It sure has slowed down!! As he was growing up, it was constant, but honestly since he turned 2 it has slowed down quite a bit, even more so now that he is past that 2.5year mark.....thanks so much Spotted!


And to answer your question....as far as I know he is neither....breeder bred him for barrels, lol.....got the speed(well was supposed to) from his TB side, and his looks, and intelligence from his Paints/QH's side.....here is his bloodlines

Rodeo Time Paint


----------



## csimkunas6 (Apr 18, 2010)

3months later....just 3months short of his 3rd bday!

















All shaggy in his winter coat!


----------



## DraftyAiresMum (Jun 1, 2011)

Is it sad that when you said "All shaggy in his winter coat" and then I saw him, my first thought was "That looks like Aires' summer coat!"? ROFL!

He's looking good! You know where his faults lie, so no critique I can give. He's a horse now, not an awkward baby! Lol
_Posted via Mobile Device_


----------



## csimkunas6 (Apr 18, 2010)

DraftyAiresMum said:


> Is it sad that when you said "All shaggy in his winter coat" and then I saw him, my first thought was "That looks like Aires' summer coat!"? ROFL!
> 
> He's looking good!
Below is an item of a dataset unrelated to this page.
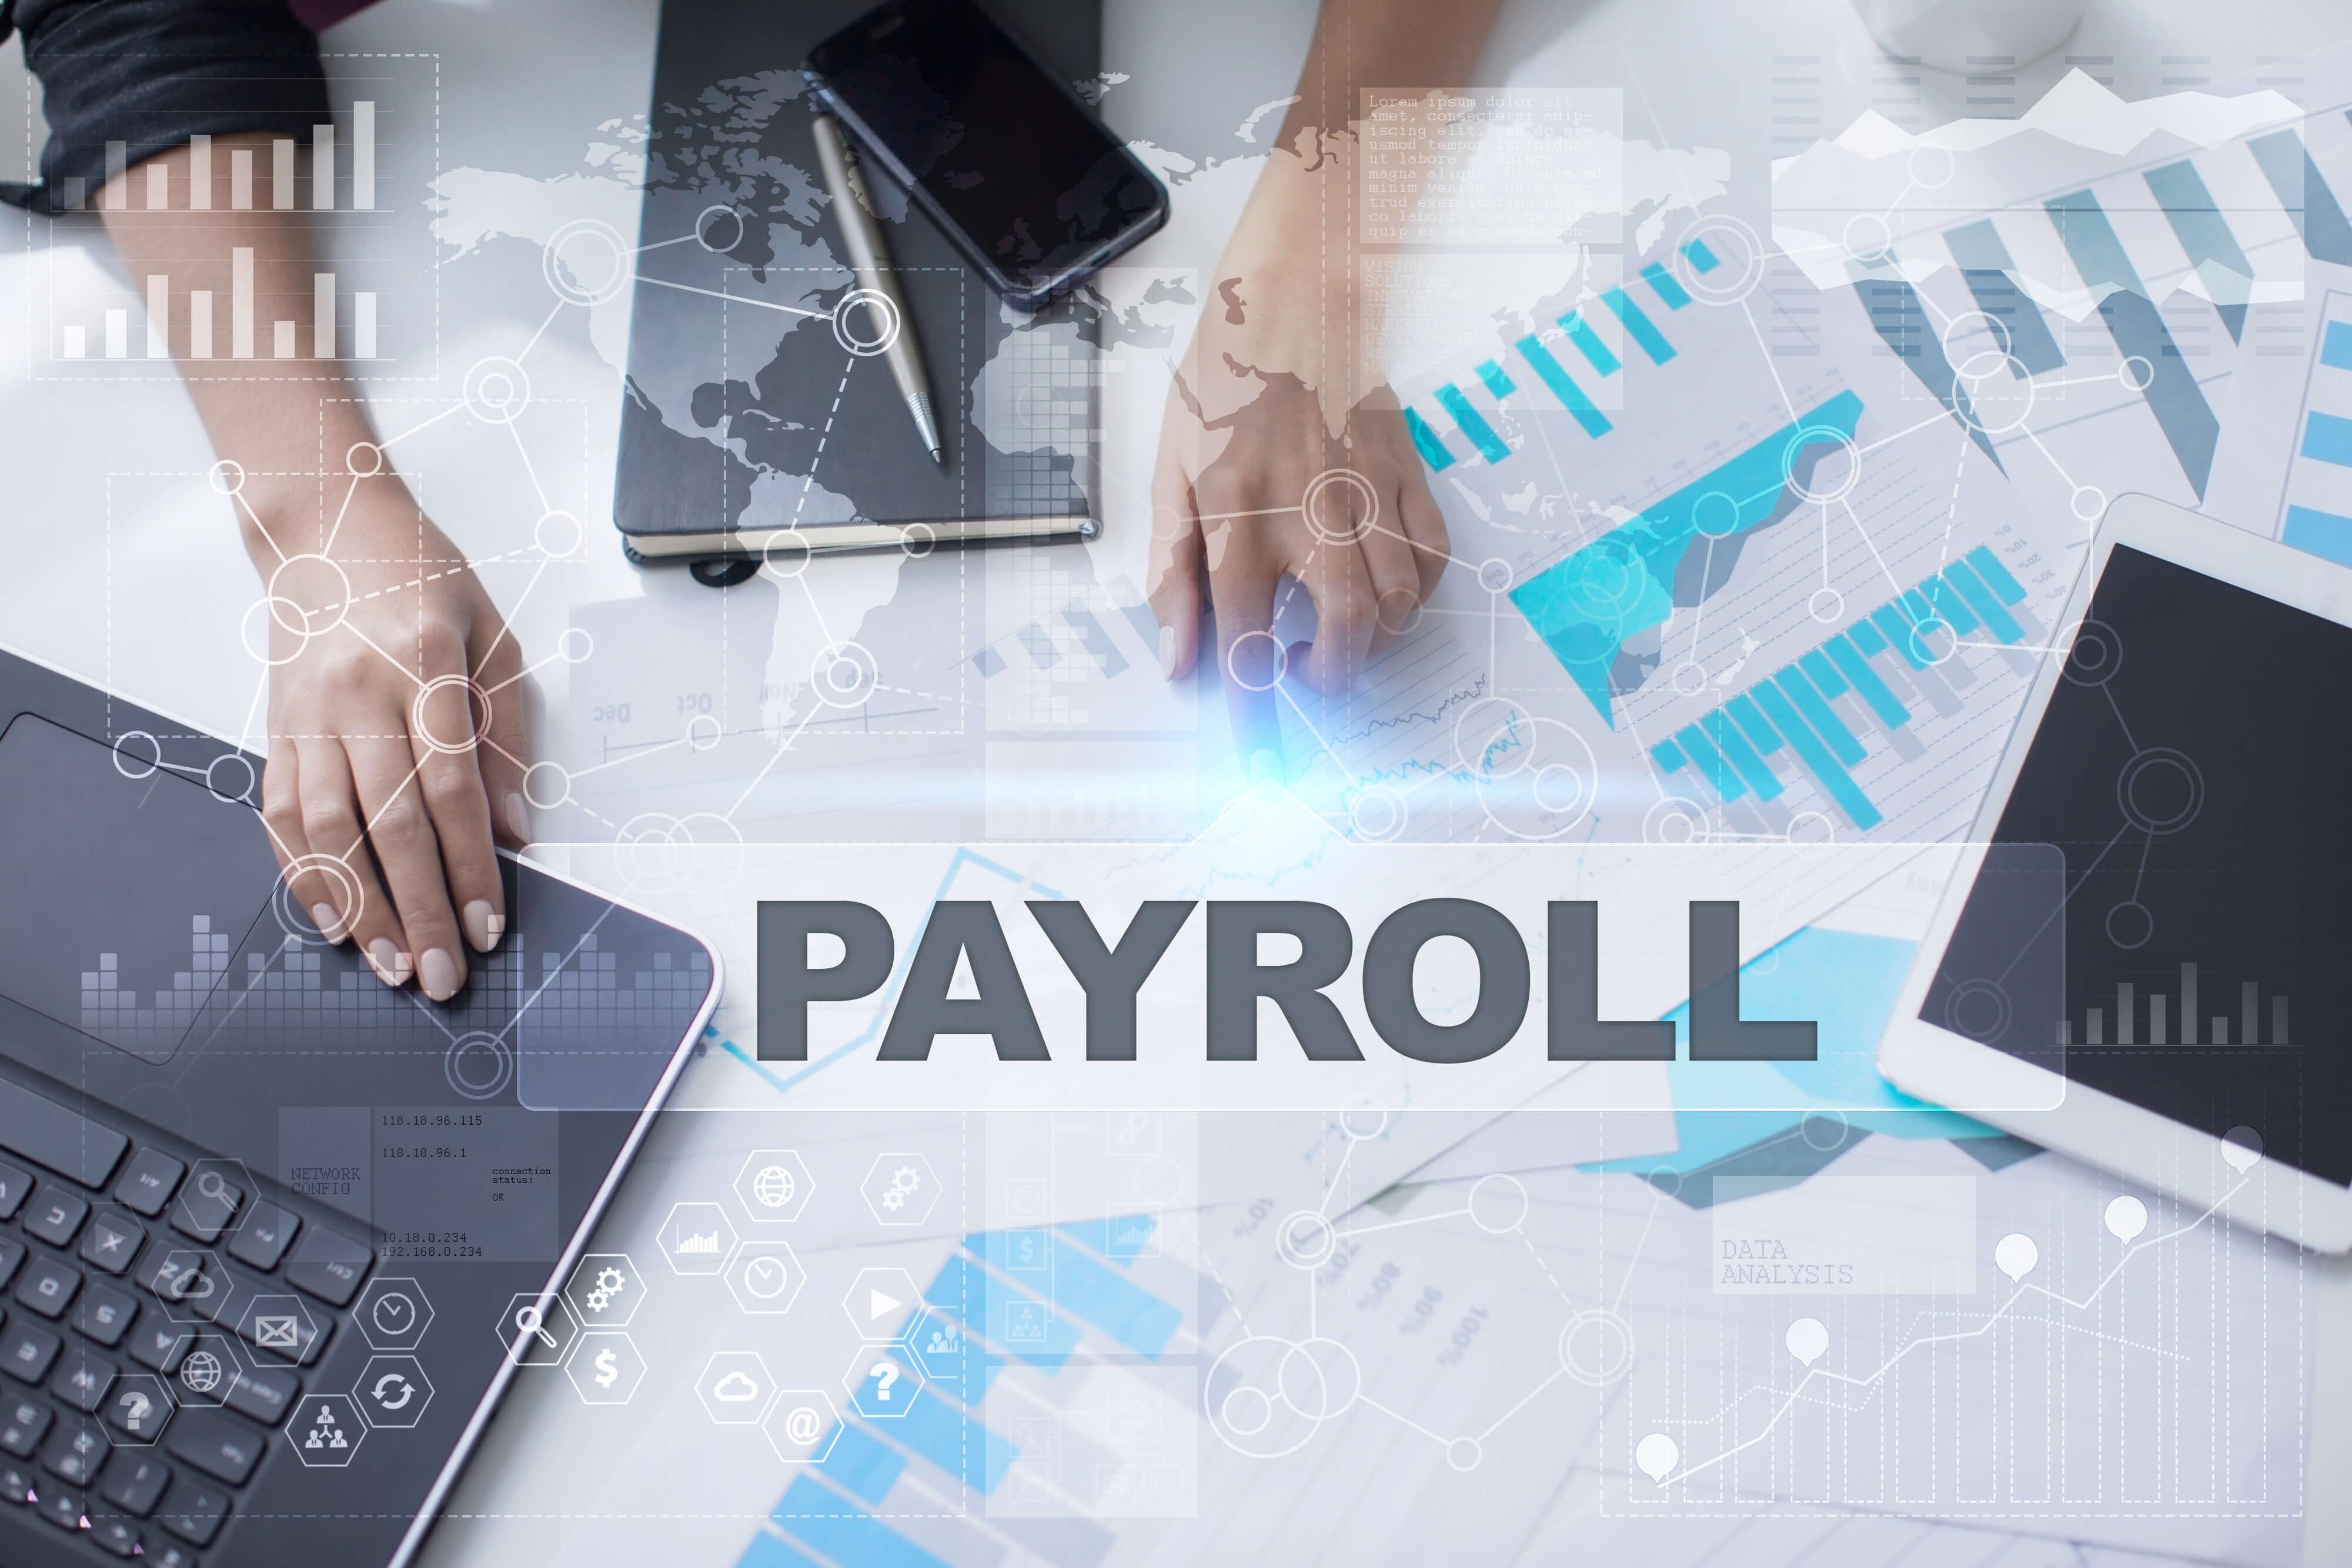 4 Hidden Risks Of The Payroll System Payroll Risk Management

You know where his faults lie, so no critique I can give. He's a horse now, not an awkward baby! Lol
> _Posted via Mobile Device_


Hahahah thats too funny!!! How is Aires doing nowadays? Havent heard, or seen much about him, but then again, havent been on too much so. 
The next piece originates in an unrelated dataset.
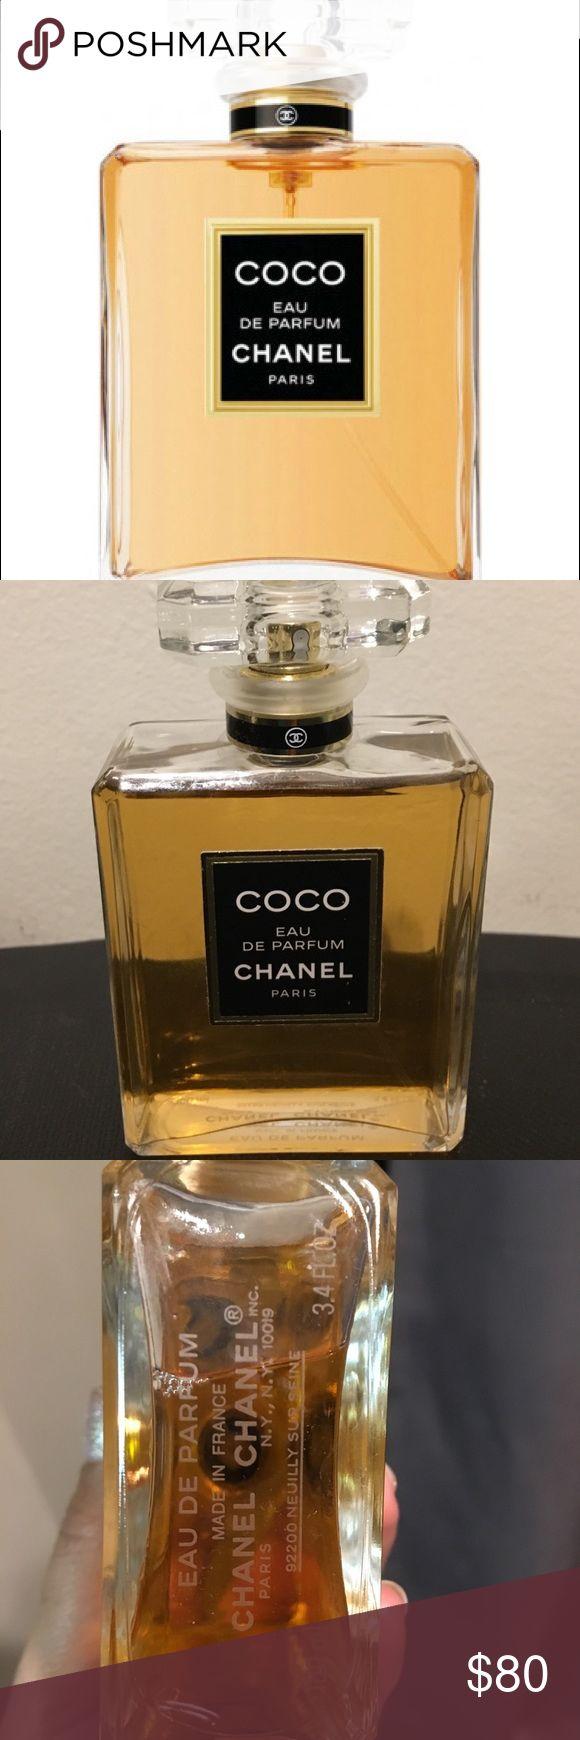 🔥 NEW Coco Chanel eau de parfum 3.4oz Only sprayed a few times brand new. 3.4 oz CHANEL Other

But yeah, at this point Im fully aware of his faults, just like to show people updates, and that as fugly as he was, hes usable


----------



## DraftyAiresMum (Jun 1, 2011)

Aires is good. He's not gonna like me come spring because we are seriously going to work. I want to enter him in the schooling show at our new barn come summer. He's hit about 16.1hh now. The BO at our new barn just adored him.
_Posted via Mobile Device_


----------



## Elana (Jan 28, 2011)

He is maturing but he is still down hill. Nice horse.


----------



## csimkunas6 (Apr 18, 2010)

DraftyAiresMum said:


> Aires is good. He's not gonna like me come spring because we are seriously going to work. I want to enter him in the schooling show at our new barn come summer. He's hit about 16.1hh now. The BO at our new barn just adored him.
> _Posted via Mobile Device_


Same here, I dont really have a place to work Rodeo. I work him here and there, but nothing too strenuous, he sits out back more than anything, but once we get this last move out of the way, its on! lol Wow! 16.1hh!!!! Rodeo is probably right at 15hh Id say, need to measure him, and I have a hard enough time getting on, couldnt imagine him being 16.1! haha



Elana said:


> He is maturing but he is still down hill. Nice horse.


Thanks Elana, he sure is down hill still, but not as much as he was there for a good while. He has another 3months before he turns 3, we'll see how he shapes up in the next few years


----------



## Peppy Barrel Racing (Aug 16, 2011)

Rodeo is filling out nice! Of course I've told you before how much I like him !


----------